Automate HTTPS Certificates with Ansible Roles ft. Let's Encrypt & CloudFlare

Recap

We have already seen how to enable HTTPS on a domain if you have a VPS and you are using Nginx. In one other post we have also talked about getting started with Ansible in which I wrote about basic concepts in Ansible such as inventory, module, playbook. We have also talked about Ansible Roles which are about directory structures.

What we’ll cover

In last post we saw how I went through steps of enabling HTTPS on all of the subdomains on a website. I did it manually, not with Ansible. This post is continuation of that where I am going to automate this process.

In last post I also refrained to add anything to the public repo as I found it creepy to store my security related data openly on the web. So instead of putting chuck of configuration openly on the tasks or templates, what we can use is something called variables. Good thing about vairables are that we can put it in a separate file and use it from there. And if we keep the variables separately, we can also override variables from command line, and use ansible-vaults to encrypt them. Variables are also used in substituting placeholder text in template files.

This is third post in the series of my Ansible learning and in this post I’ll talk about:

How to make use of Ansible in this automation process of fetching HTTPS certificates.
On the Ansible side, I’ll cover templating, variables. We’ll also see how we can override variables from command line.

While you read this post, take a moment to connect with me on LinkedIn.

Pick up where we left off

Just so that everyone is on the same track (assuming you are following this on your own). I have this setup right now.

1 VPC running Ubuntu 20.04. I have leased from AWS. You can lease from anywhere you want. Make sure you can ssh to it and have sudo access to install stuff.
1 domain. HTTPS certificates are typically issued to domain names, not IP addresses.
v0.1.0 of my Ansible configuration.

A side note. You can’t have Windows as a control node. Although you can manage a Windows machine with a Linux/Mac. This means that if you are on Windows, please use WSL or switch to Linux or Mac, whichever is convenient.

Another side note. This time I don’t have my santosh.pictures domain which I used in previous posts. Instead, I will use this santoshk.dev domain. A few things about this domain:

santoshk.dev is mapped to netlify, which hosts my Hugo JAMStack website. So we only have *.santoshk.dev to tinker with.
Unlike some previous posts in this series, this domain is not parked on Route53, but on namecheap.com.

You don’t practically need to register/transfer your domain on namecheap. I’ve tried to make this article registrar agnostic.

Install Jenkins and Nginx with our Playbook

If you are following with me, you need to clone my ansible config > checkout to v.0.1.0 > install nginx and jenkins with our playbook.

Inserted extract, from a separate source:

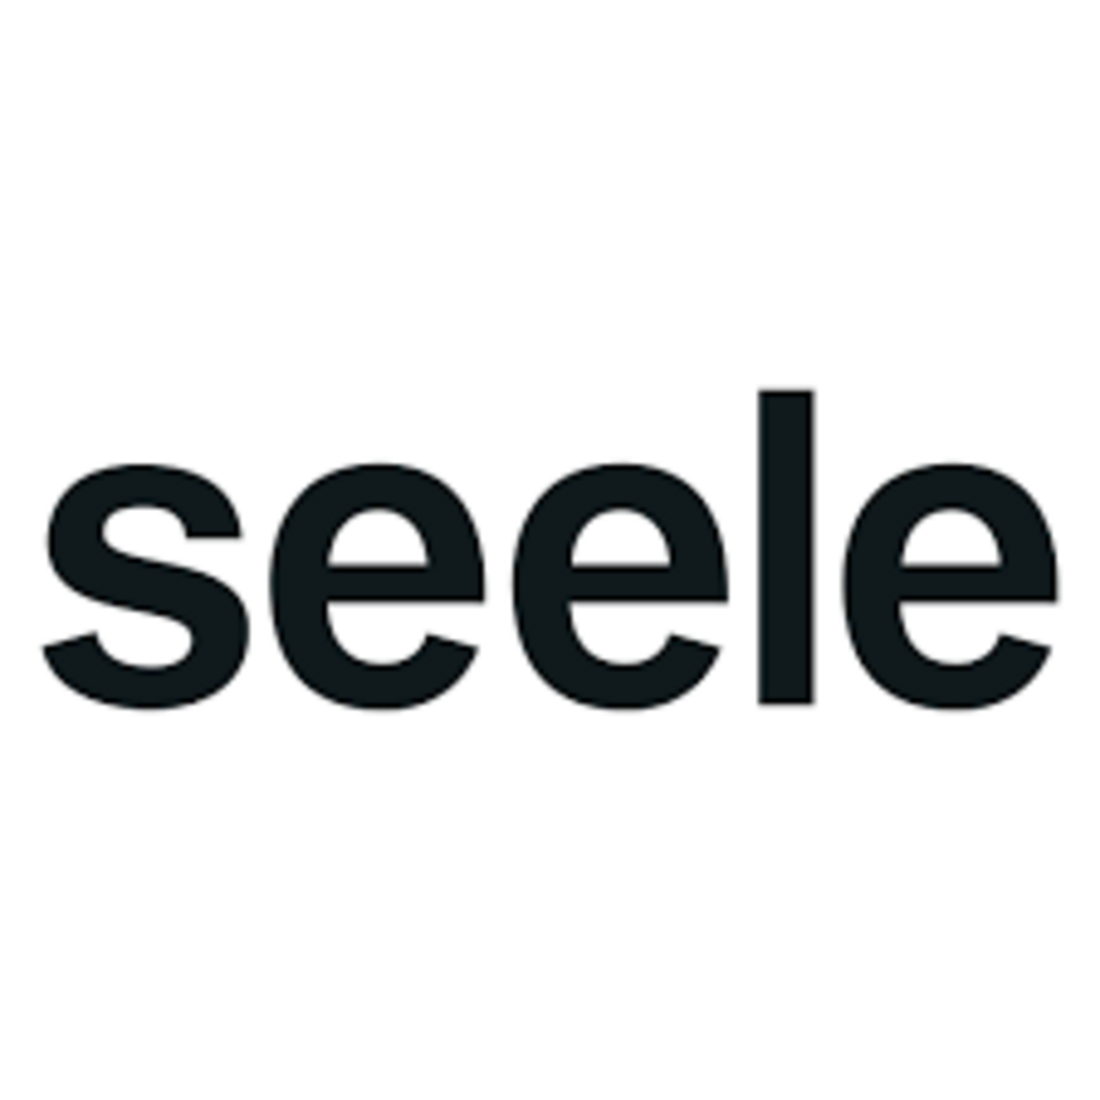 seelecover

This is the comamnd I used to install Jenkins and Nginx on my EC2 machine:

ansible-playbook -i inventory -u ubuntu playbooks/jenkins.yml
ansible-playbook -i inventory -u ubuntu playbooks/nginx.yml

If you don’t find yourself familiar with above command, you should definately checkout my previous post.

Once you run the nginx playbook which we have written by ourself, you should receive an IP address in the console output of the playbook. If you go to that address, you should see the Unlock Jenkins page.

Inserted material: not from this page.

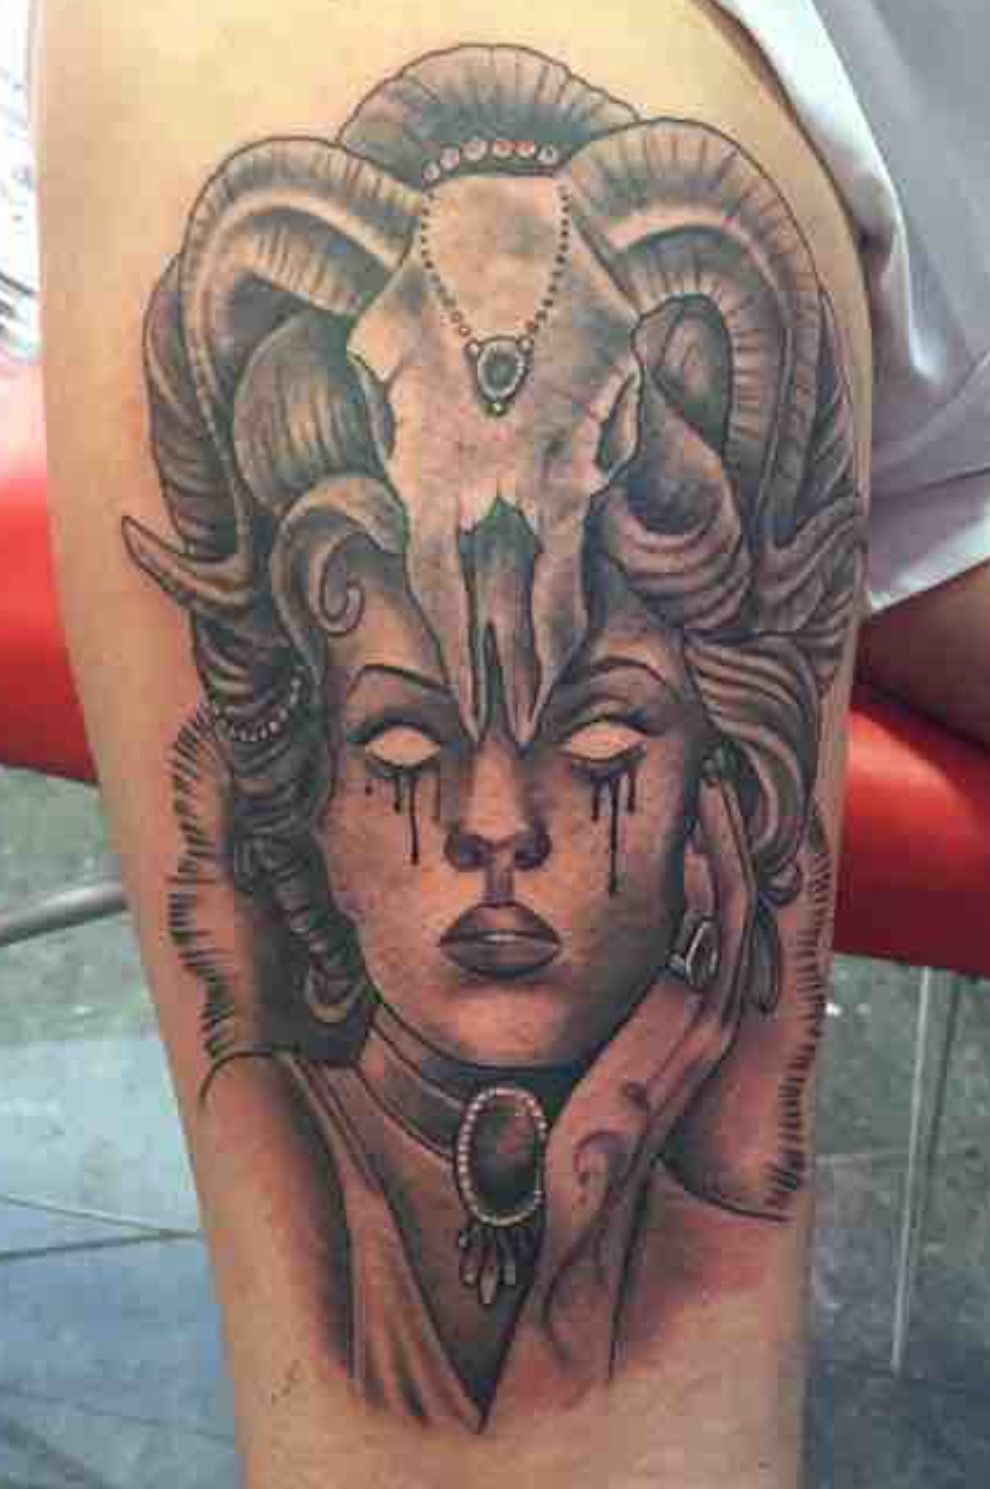 Corporate Ink Tattoos  Pascua Yaqui Tribe piece done by Mario Martinez Art   Tattoos  Facebook

The real need here on the Jenkins page is that we have to have secure connection between the browser and the Jenkins server on AWS. For that we need a domain.

Task 1: Put a DNS entry for subdomain

I will be mapping ci.santoshk.dev to point to the IP address we got after running our nginx playbook. This is a manual process and will depend on where you have your domain parked.

Basically what I have done is I have created an A Record, with host being the ci and Value being the IP of the nginx host.

Task 2: Separate nginx config for each subdomain

Look at nginx.conf of v0.1.0 in our role, specifically the server block:

If we had planned to host the Jenkins on root domain then this config would work. But now that we are doing it on subdomain basis, we need to extract this to another file.

Task 2.1: Separate out core nginx and jenkins config

We are going to remove line 43-45 from nginx.conf, and then put it in a separate file called jenkins.conf. Here are the content of this file.

server {
    server_name ci.santoshk.dev;

    location / {
        proxy_pass http://localhost:8080/;
    }
}

A little bit of explanation now. As you can see, we are overriding server_name directive in this file to tell nginx that following reverse proxy entry is for ci.santoshk.dev subdomain. Every reverse proxy entry will here be mapped to ci.santoshk.dev + path, e.g. ci.santoshk.dev + / = ci.santoshk.dev/. Which would go to localhost:8080.

I hope I’m clear here, if not, please leave a comment and I’ll do my best to explain this.

Please also note that above nginx.conf is destined to be stored at /etc/nginx/nginx.conf. And the jenkins.conf is destined to /etc/nginx/conf.d/ci.santoshk.dev.conf on the nginx host.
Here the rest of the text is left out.